▸ **WORK TASK**: Copy the listing that follows exactly. Its pictures do not belong in the copy.

INFORMATION SHOWN Block Start

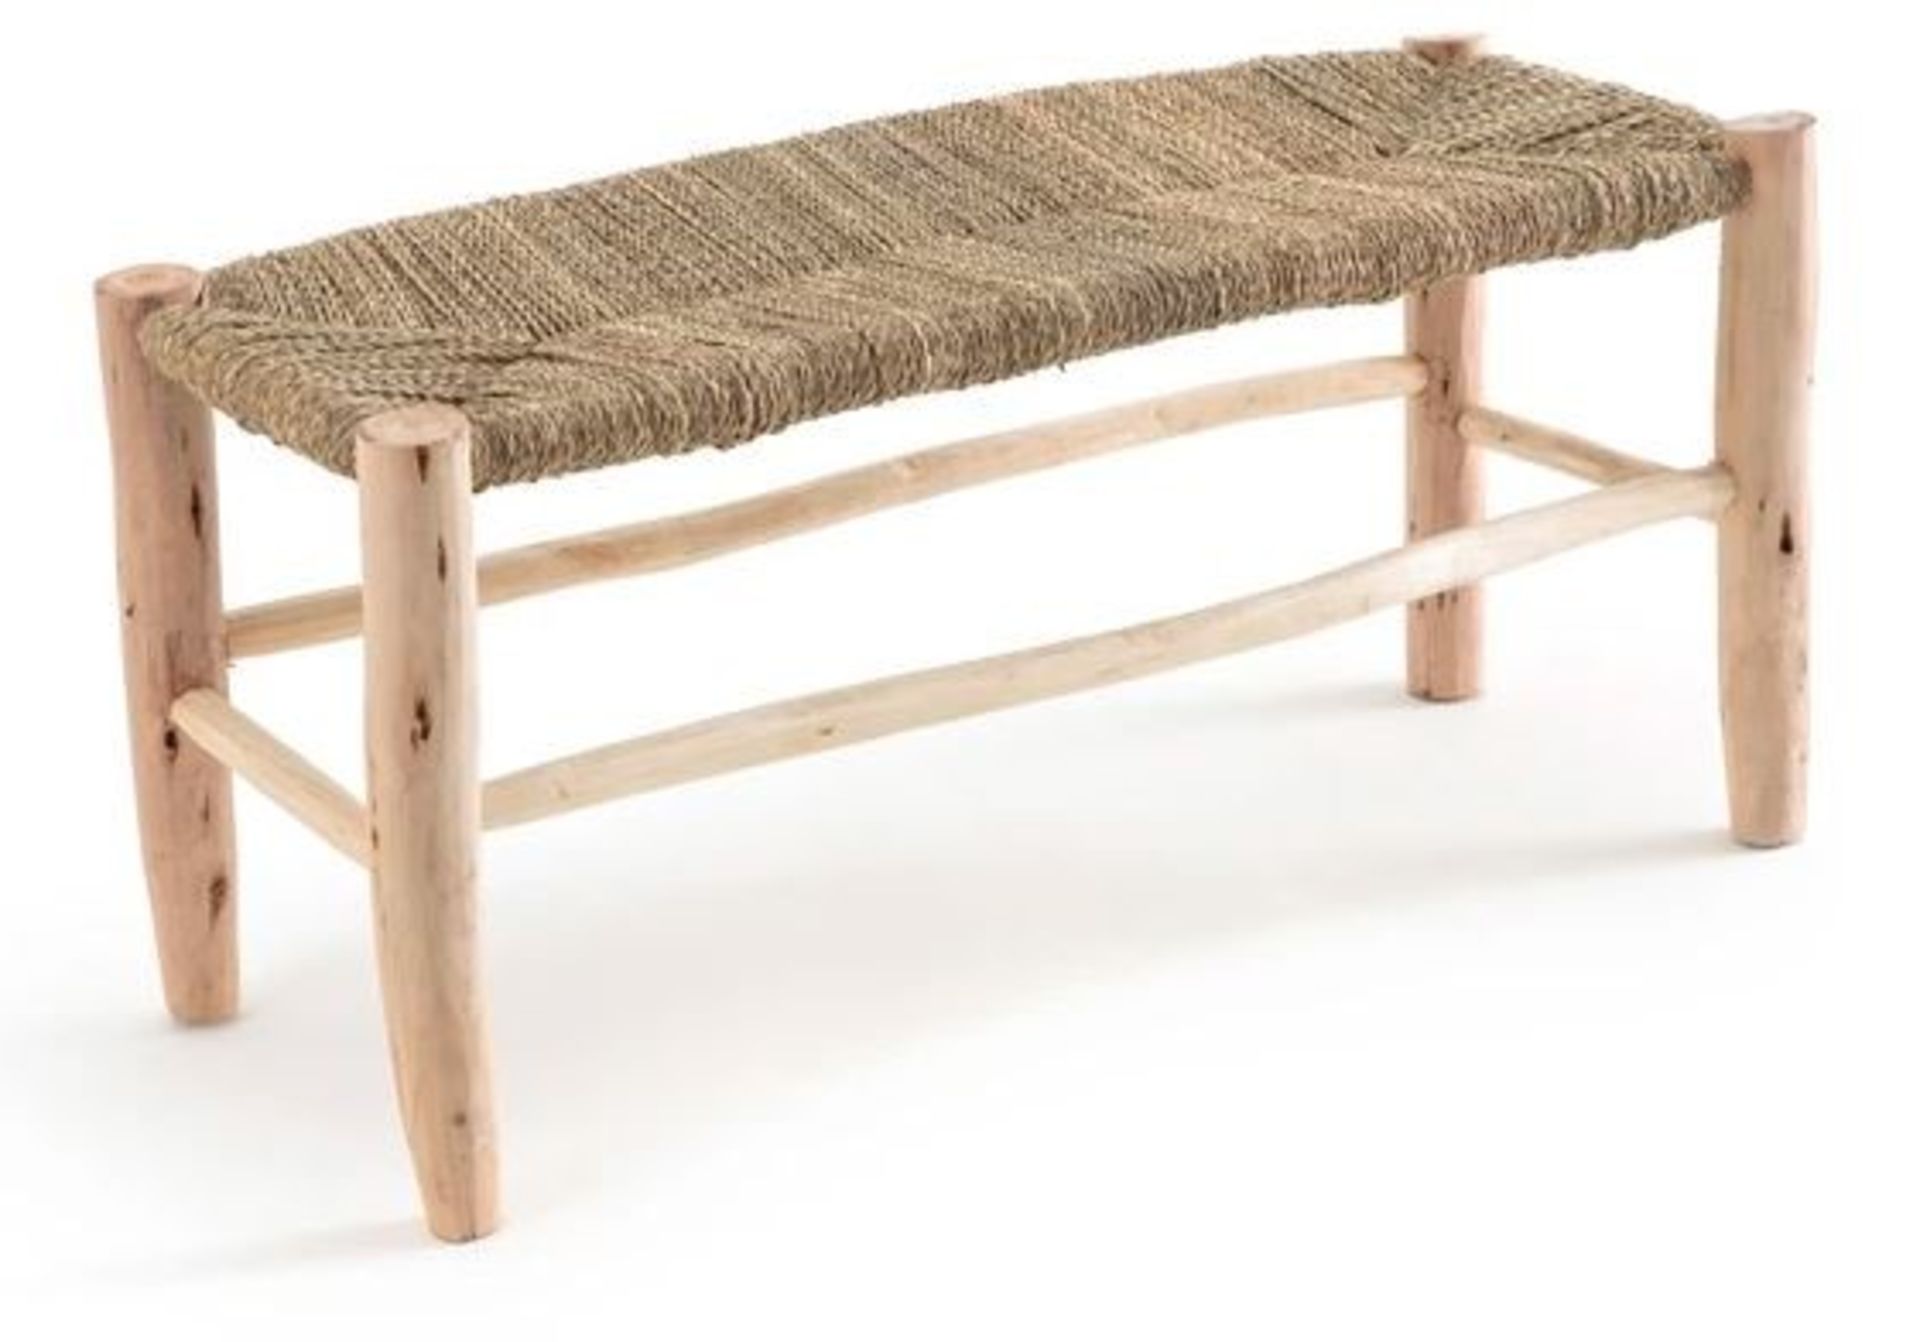 1 GRADE B ASSEMBLED DESIGNER GHADA RAW WILLOW WOOD BENCH IN NATURAL / RRP £145.00 **SMALL CRACK ON
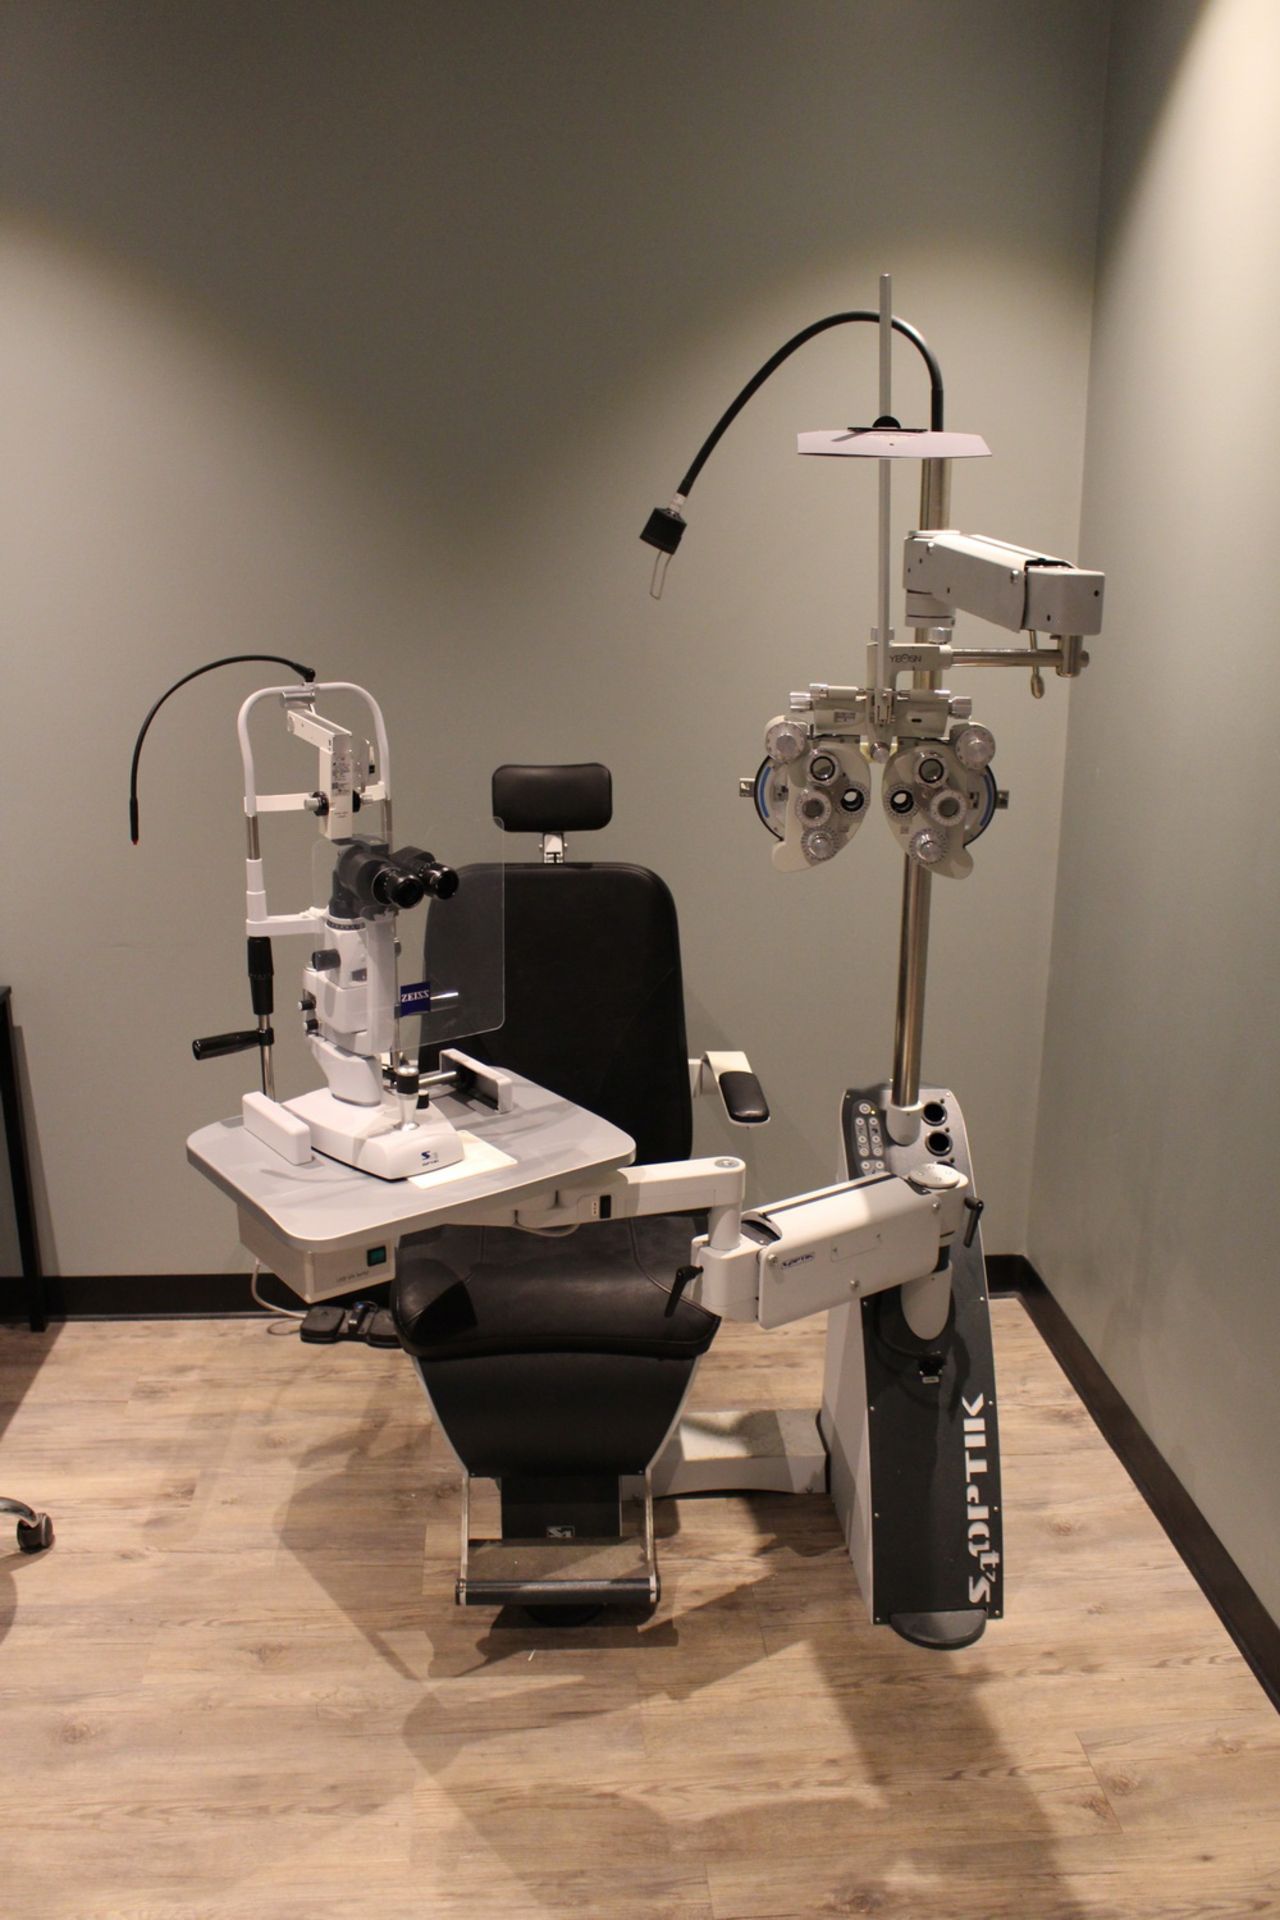 2018 S4OPTIK MODEL 1800 OPHTHALMOLOGY EXAMINATION CHAIR & STAND, S/N 315-1800-049 C/W 2017 YEOSN
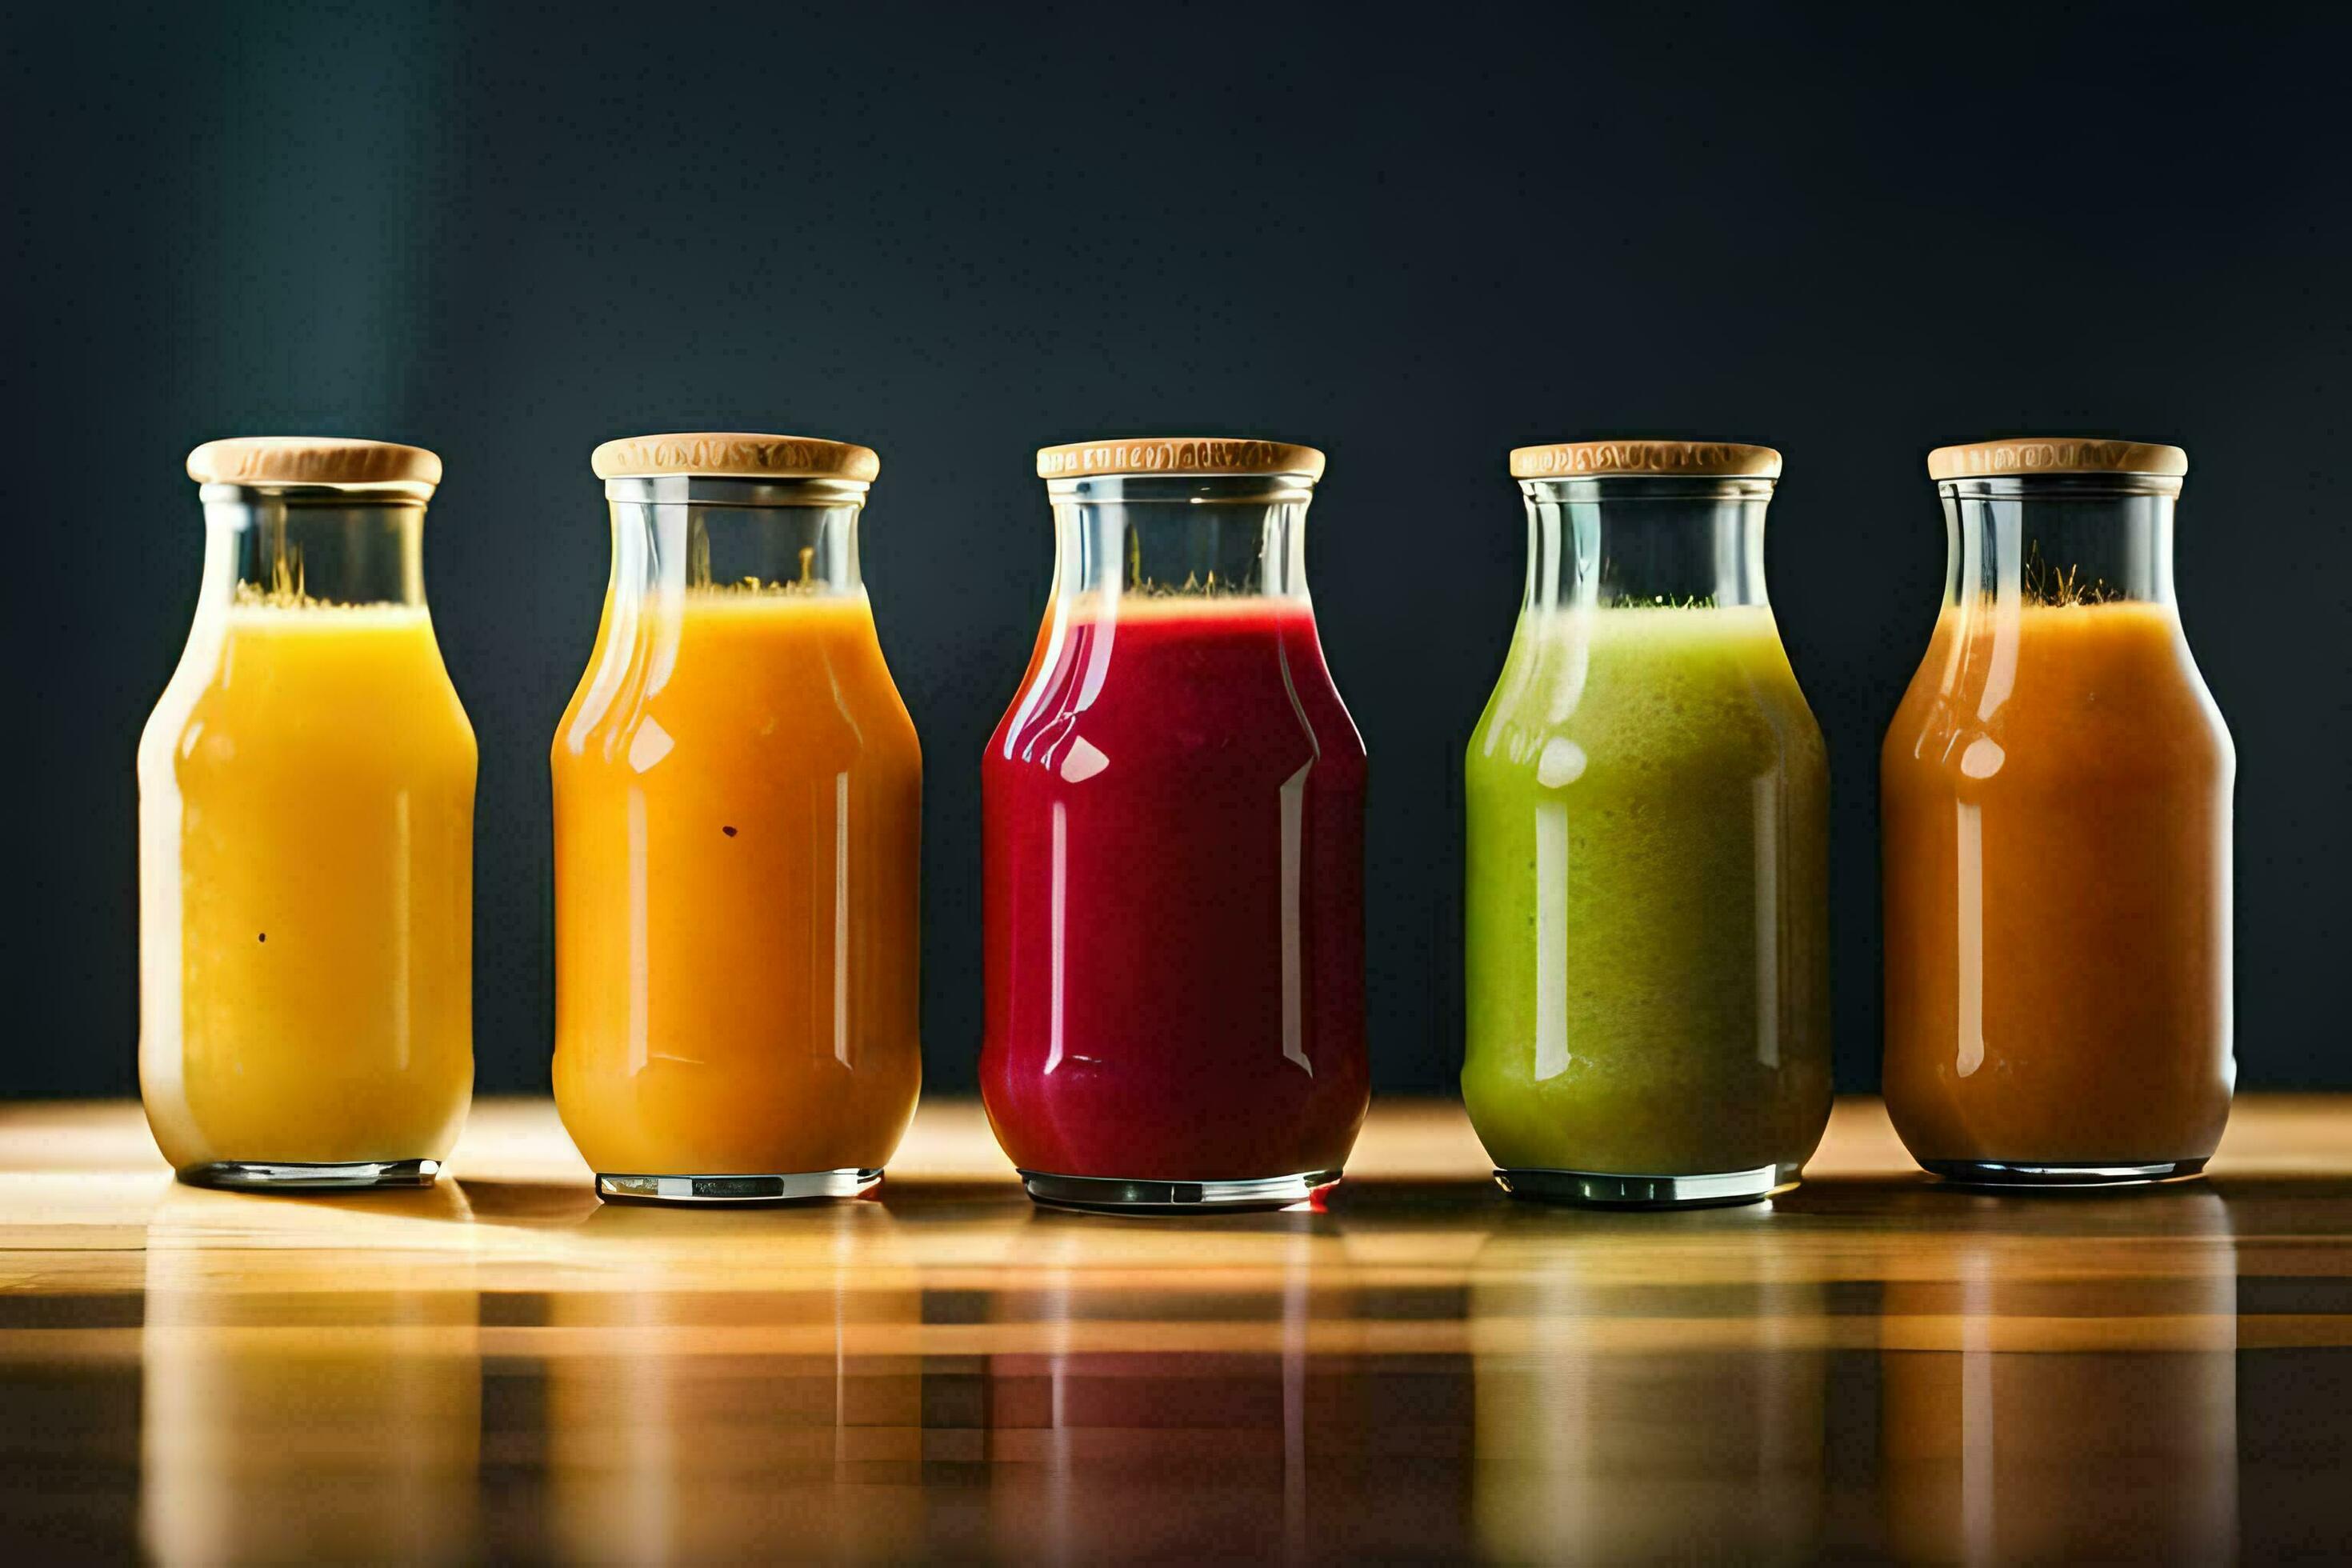 https://static.vecteezy.com/system/resources/previews/033/422/079/large_2x/five-different-types-of-juices-in-glass-bottles-ai-generated-free-photo.jpg

INFORMATION SHOWN Block End

▸ **FINISHED EXERCISE**:
 1 GRADE B ASSEMBLED DESIGNER GHADA RAW WILLOW WOOD BENCH IN NATURAL / RRP £145.00 **SMALL CRACK ON
 2018 S4OPTIK MODEL 1800 OPHTHALMOLOGY EXAMINATION CHAIR & STAND, S/N 315-1800-049 C/W 2017 YEOSN
 https://static.vecteezy.com/system/resources/previews/033/422/079/large_2x/five-different-types-of-juices-in-glass-bottles-ai-generated-free-photo.jpg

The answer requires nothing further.